While at Iowa, Perez made one more important connection: She met Robert Carolan (70JD), who had capped his career as a Minnesota district judge with two decades working in international courts, hearing cases on human rights abuses in Kosovo and Myanmar. Not only did Carolan have excellent advice, but he had three sons who also attended Iowa—including Paul (06MD), a radiologist, who married Perez. “We are a true Hawkeye family,” Perez said.

Managing high-profile transactions in Prague

Michael Mullen

When Michael Mullen (96JD) was growing up in North Liberty, Iowa, his father led the art department at Kirkwood Community College in Cedar Rapids. It is hard to imagine now, but in those pre-internet days, his father would take the family to Europe in the summers so he could photograph works of art for his classes.

“At a very young age, I got acclimated to the European environment,” Mullen said. He learned Spanish and French along the way. He graduated from Grinnell College in 1989, just as the Berlin Wall fell, and moved to the newly formed Czech Republic. “It was a blossoming and reopening of society,” he said. “It was a wonderful time to be in Prague.”

While studying Czech at Charles University, Mullen taught English and worked for translation agencies. As he translated contracts, he thought, “I could write better contracts,” and he began attending classes at Charles University law school. Lawyers working in Prague advised him to get a U.S. education, so he returned to Iowa for law.

He worked for a global law firm in Chicago for three years, which sent him to Turkey, Romania, and then the Czech Republic. While in Prague, another firm recruited him, and he has spent the rest of his career there, helping the country transform its banking sector while privatizing its banks, rebuilding state-owned enterprises, and assisting western companies establishing businesses.
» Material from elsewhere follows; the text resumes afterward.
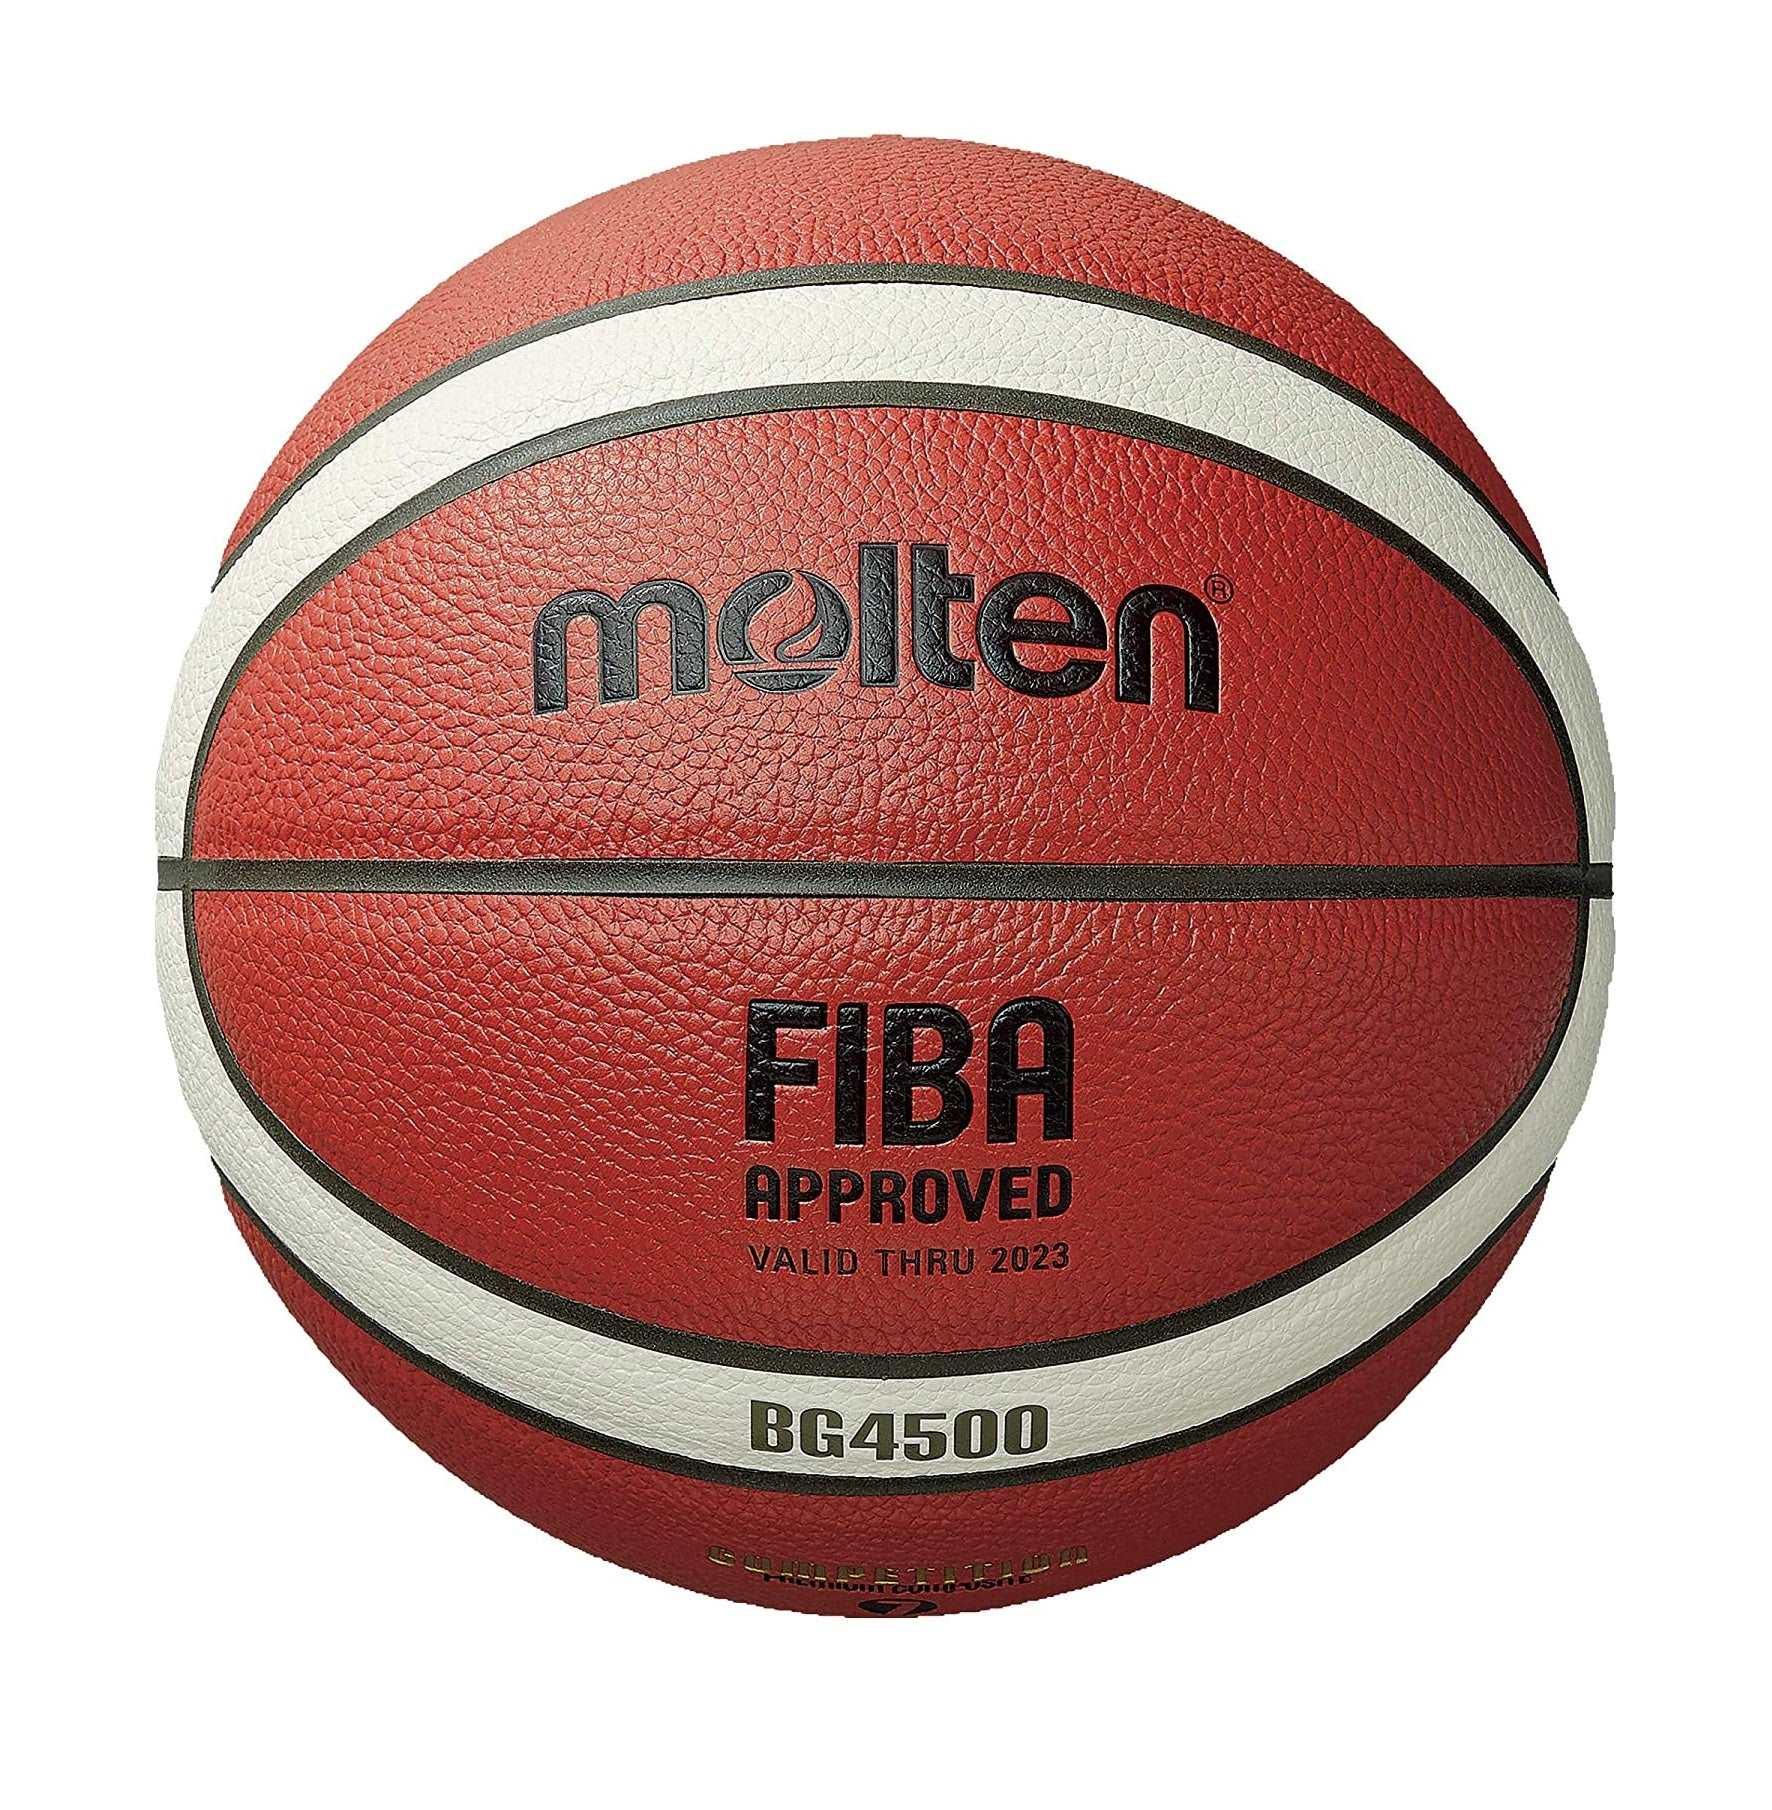 GG7X FIBA Official Size7 Molten Basketball Pump & Drawstring Bags

He worked for various firms, including leading the Central and Eastern European legal practice of PricewaterhouseCoopers. By then, he had married, had young children, and wanted to stay closer to home, so he joined former colleagues who founded the BADOKH law firm in Prague.

Mullen has worked on high-profile transactions, such as Molson Coors’ €3.5 billion acquisition of Central European brewer Starbev and a €6 billion acquisition attempt of regional lottery company Allwyn.
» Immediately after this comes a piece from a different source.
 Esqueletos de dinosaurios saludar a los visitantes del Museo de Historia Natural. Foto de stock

Reflecting on his journey, Mullen said he enjoys setting goals and working step-by-step to achieve them.

“I had seen what was possible, and I wanted to experience it,” he said. “I definitely had a plan. Anything in life is achievable if, despite inevitable setbacks, you have a plan and stick to it.”

Working for the social good in London and beyond

Gilbey Strub

Gilbey Strub (90JD) has used the knowledge gleaned in her years as a partner at a global law firm to help establish creative legal instruments that work for the benefit of society. One of those instruments helped alleviate European taxpayers’ burden to bail out failing banks, while another—“green bonds”—forged a path for governments and corporations to raise money to help the transition to a low-carbon economy.
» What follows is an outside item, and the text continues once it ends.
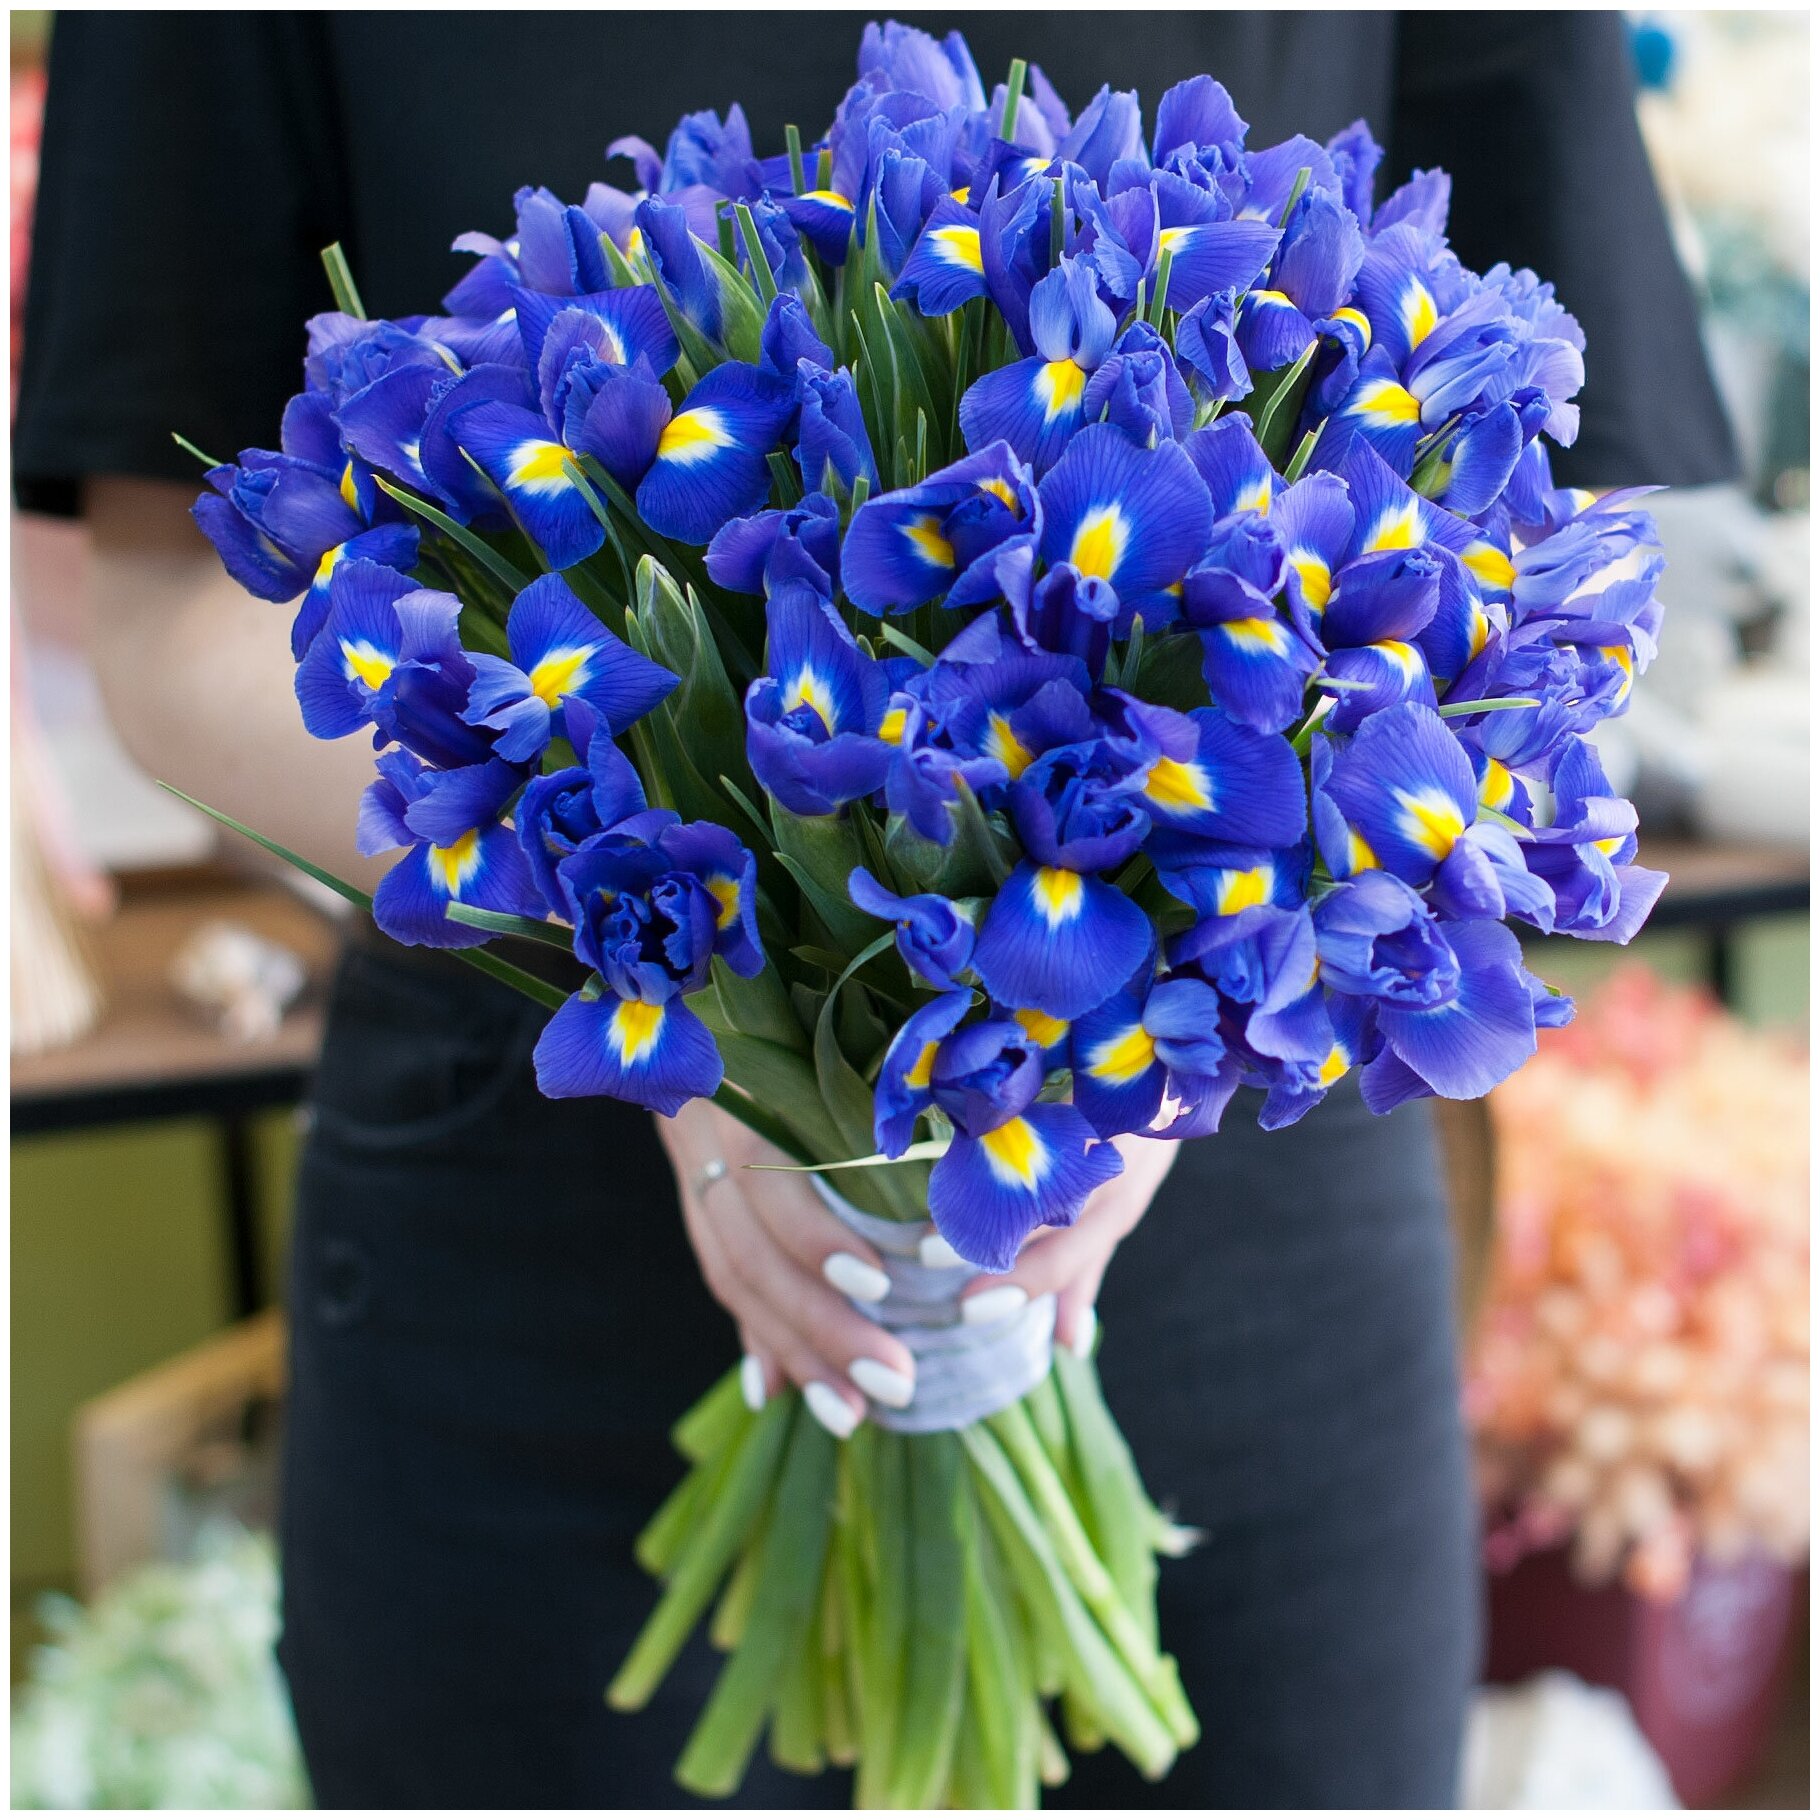 Купить цветы в интернет магазине ирисы цветы доставка срочно спб

Strub worked on the first high-yield (or “junk”) bond offerings in Europe in the 1990s, founding and leading a European trade association that established investor protections. After the 2008 global financial crisis, her association became part of the Association for Financial Markets in Europe, where she led a banking initiative that created the concept of—instead of a bailout—a “bail-in.”

“It simply meant that investors bear losses when they invest in banks, instead of taxpayers,” Strub said.

With green bonds, Strub followed in the footsteps of war bonds and railroad and highway bonds of the past, galvanizing social values to fund environmentally sustainable businesses and climate-friendly government projects.

An opportunity to study abroad during her time at Iowa Law whet Strub’s appetite for international law. She was one of the first to participate in a summer program that sent Iowa law students to study in France.

Strub lived in London for 27 years, becoming a British citizen, and has now returned to her native Iowa City, where she is active with the Driftless Water Defenders, among other nonprofits. “It was a good time to come back,” Strub said. “All hands on deck are needed. Iowans need to step up and reclaim their state and arrest the degradation of the environment and the water system.”